Years later I find it on DVD and I watch it as an adult and it is everything I remembered and more.
First off this edition features all four one hour episodes plus some excellent special features including a great thirty minute making of. The picture quality is very good and if you watch the making of which uses clips from when the show first aired you can tell that they have improved the picture quality dramatically for this DVD release.
Never read the books and all the negative reviews appear to be by the novel's fans, I however can not find a single fault with this amazing, captivating and complex series.
Everything is great about this series but if I had to pick the best aspect it would have to be the characters and the great performances behind them. Steerpike is as slimy as Draco Malfoy as tragic as Hamlet and with the vocabulary of Alex DeLarge from A Clockwork Orange. There is a lot of Alex in the performance: intelligence, hostility and the desire to have what he wants no matter what. It is such an interesting character and Jonathan Rhys-Meyers gives the perfect performance of a power mad, homicidal lunatic while giving the character enough empathy that we still love and engage with him. The final episode adds even more depth to Steerpike when the love story takes a turn towards the Phantom Of The Opera and we realise that Steerpike and the Phantom have always had a lot in common.
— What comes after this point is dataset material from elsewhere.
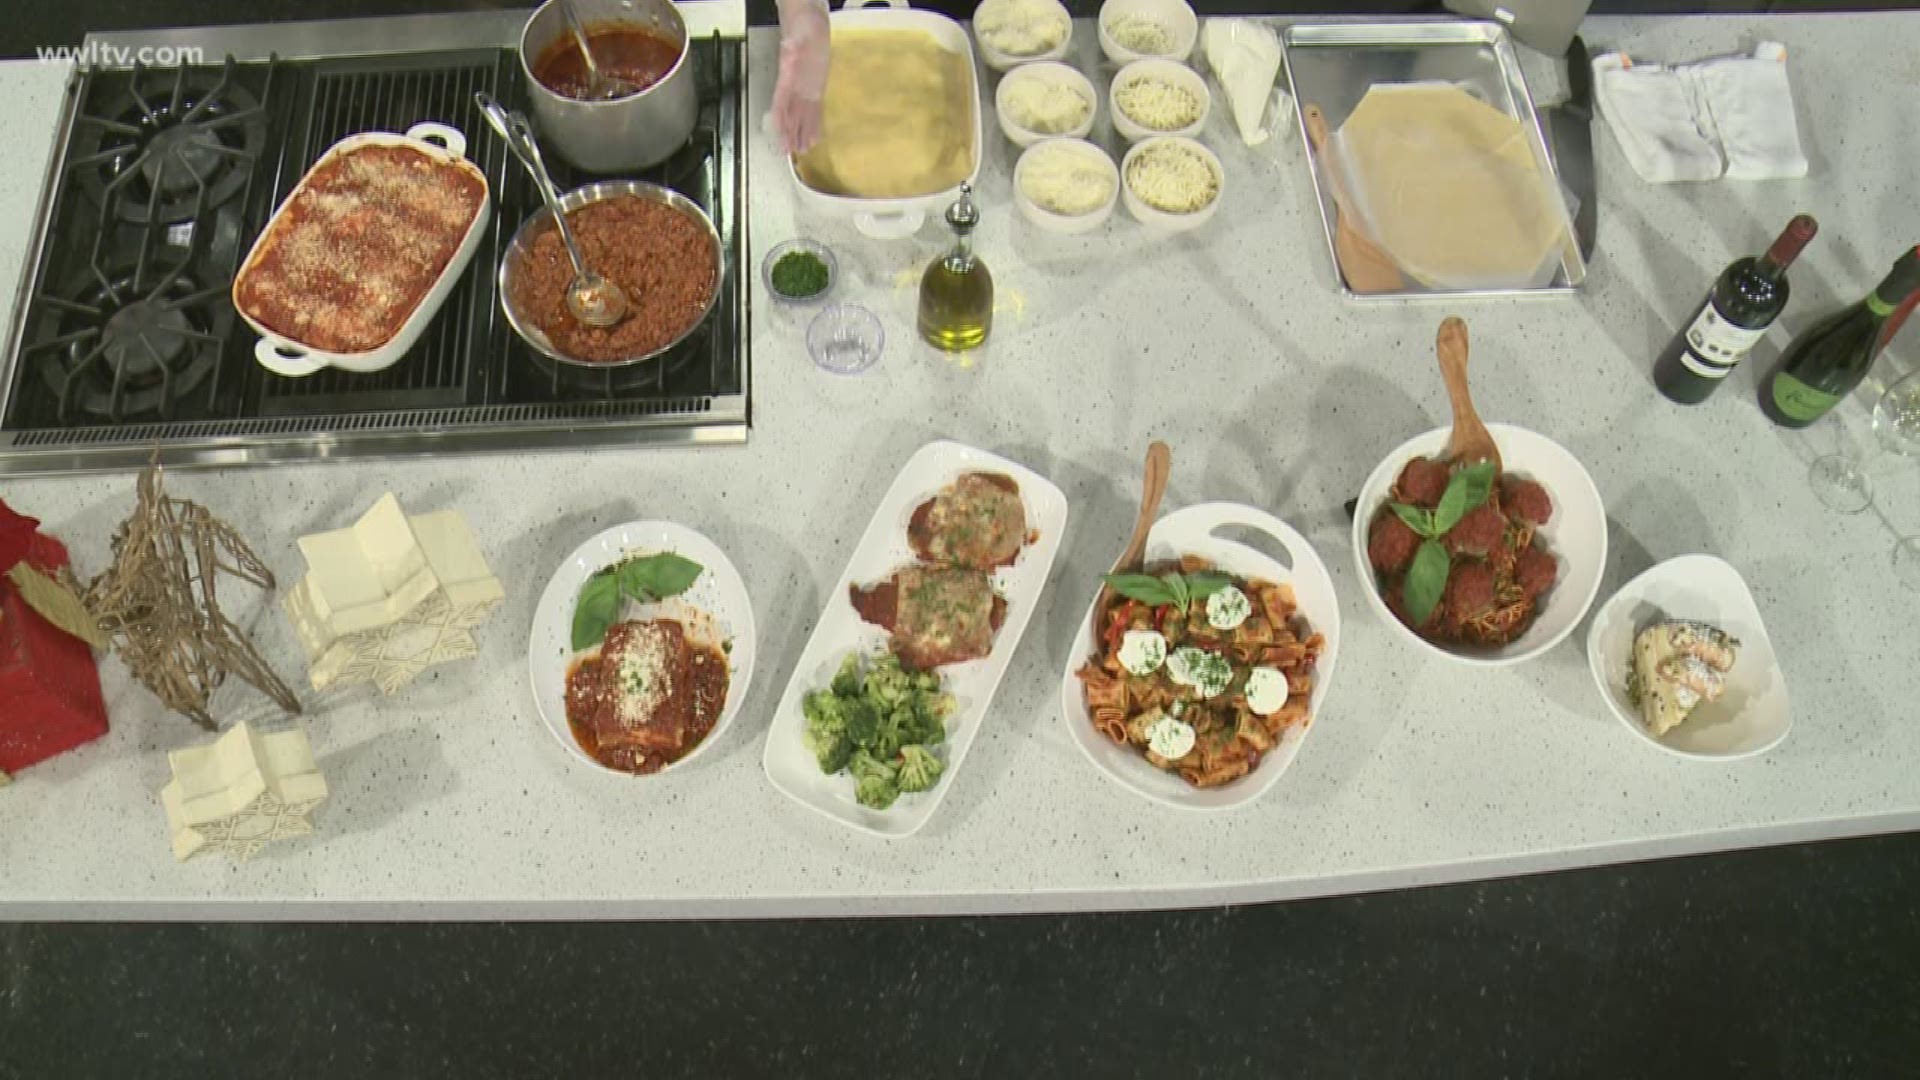 Chef Kyle Barnett with Carrabba's Italian Grill is showing us how to make a delicious holiday Lasagna.

This has to be hands down Christopher Lee's greatest performance, he takes a simple character who speaks very few words but creates and brings so much empathy and depth to him. These two stand out but all the performances are fantastic.
The story and the world is wonderful, it feels Gothic and Shakesperanen whilst also having that very British Terry Pratchett feel. It also has a very distinct sound design with strange, haunting and captivating music.
Most interesting is that Steerpike has become to me the most interesting anti-hero I have ever encountered.
Overall, it's wonderful with images and characters you will fall in love with. I can't offer a comparasion to the original novels but this was my introduction to this world and it's characters and I loved every second of it.
For people seeking something truly different, wonderful, unpredictable, well crafted and staring one of the most interesting anti-hero's of all time this is a must buy.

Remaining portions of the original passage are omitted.